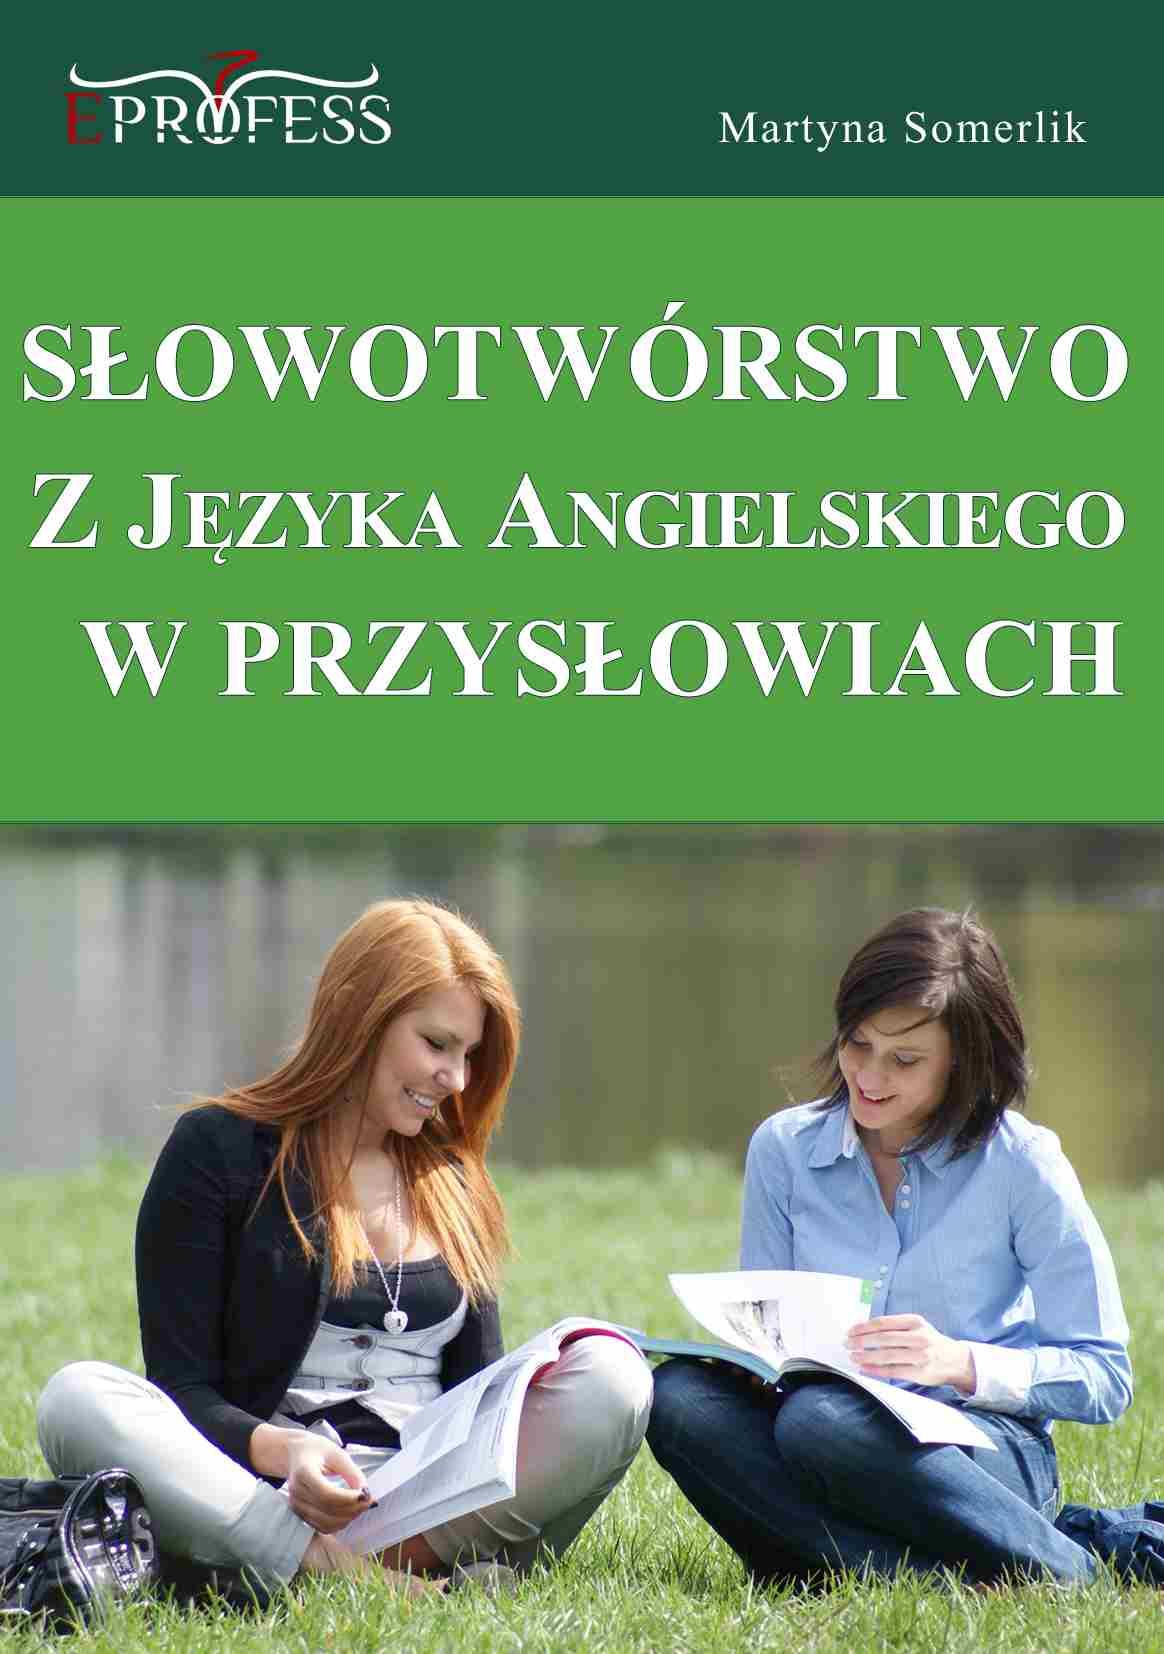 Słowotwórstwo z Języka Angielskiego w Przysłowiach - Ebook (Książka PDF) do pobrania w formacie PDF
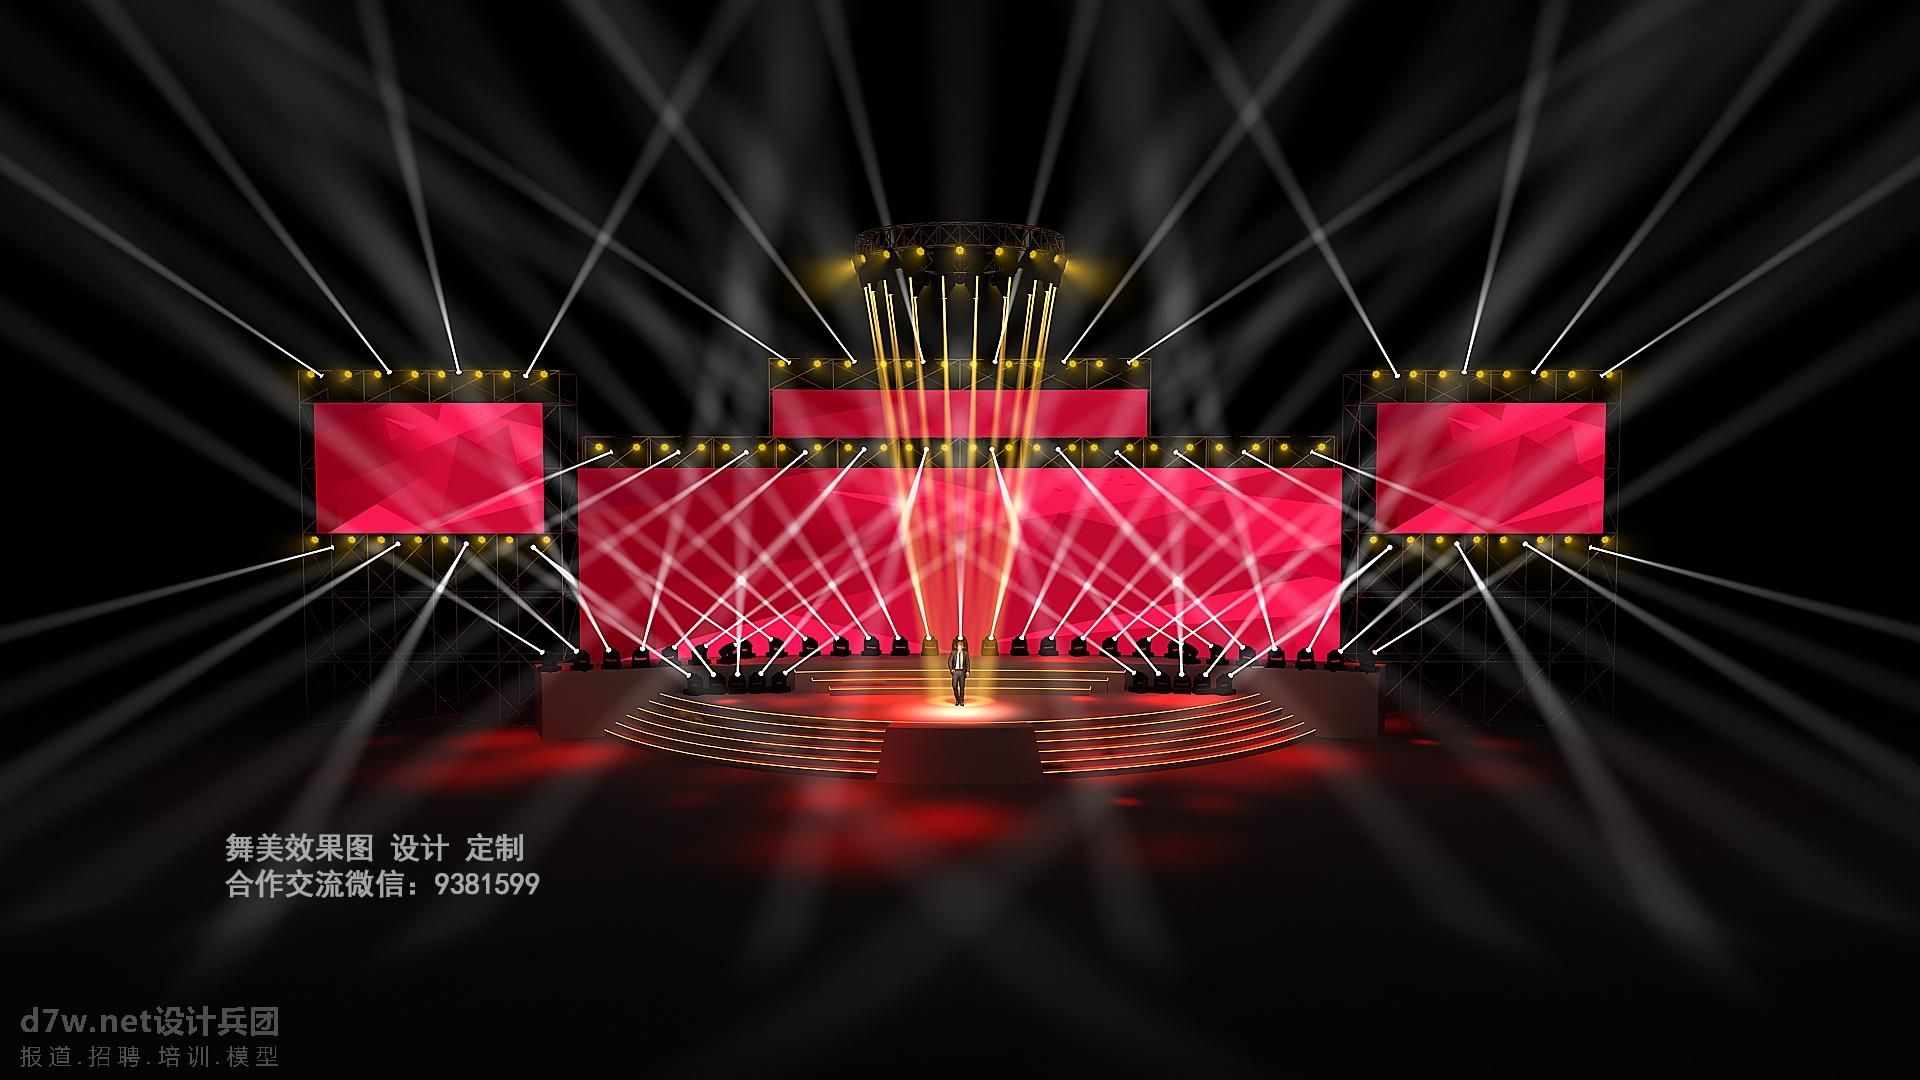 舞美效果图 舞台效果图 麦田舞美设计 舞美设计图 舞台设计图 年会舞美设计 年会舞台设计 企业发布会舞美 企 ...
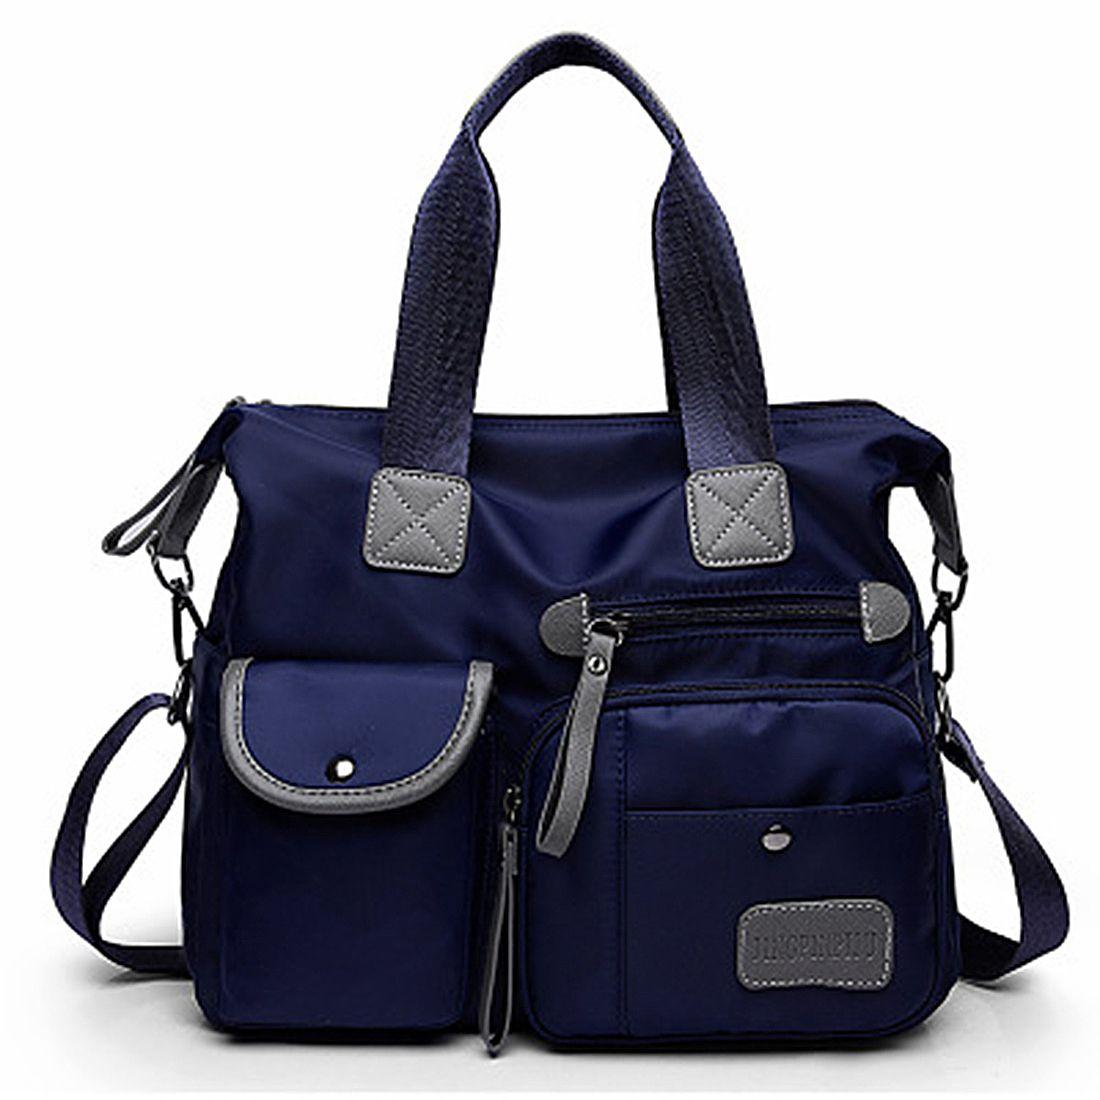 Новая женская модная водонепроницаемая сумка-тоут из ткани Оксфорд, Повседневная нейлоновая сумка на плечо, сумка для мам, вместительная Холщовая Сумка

-------

- _Directions for this task_
For this exercise, transcribe the data above line by line, exactly, with pictures omitted.

- _Response to the task_
 Słowotwórstwo z Języka Angielskiego w Przysłowiach - Ebook (Książka PDF) do pobrania w formacie PDF
 舞美效果图 舞台效果图 麦田舞美设计 舞美设计图 舞台设计图 年会舞美设计 年会舞台设计 企业发布会舞美 企 ...
 Новая женская модная водонепроницаемая сумка-тоут из ткани Оксфорд, Повседневная нейлоновая сумка на плечо, сумка для мам, вместительная Холщовая Сумка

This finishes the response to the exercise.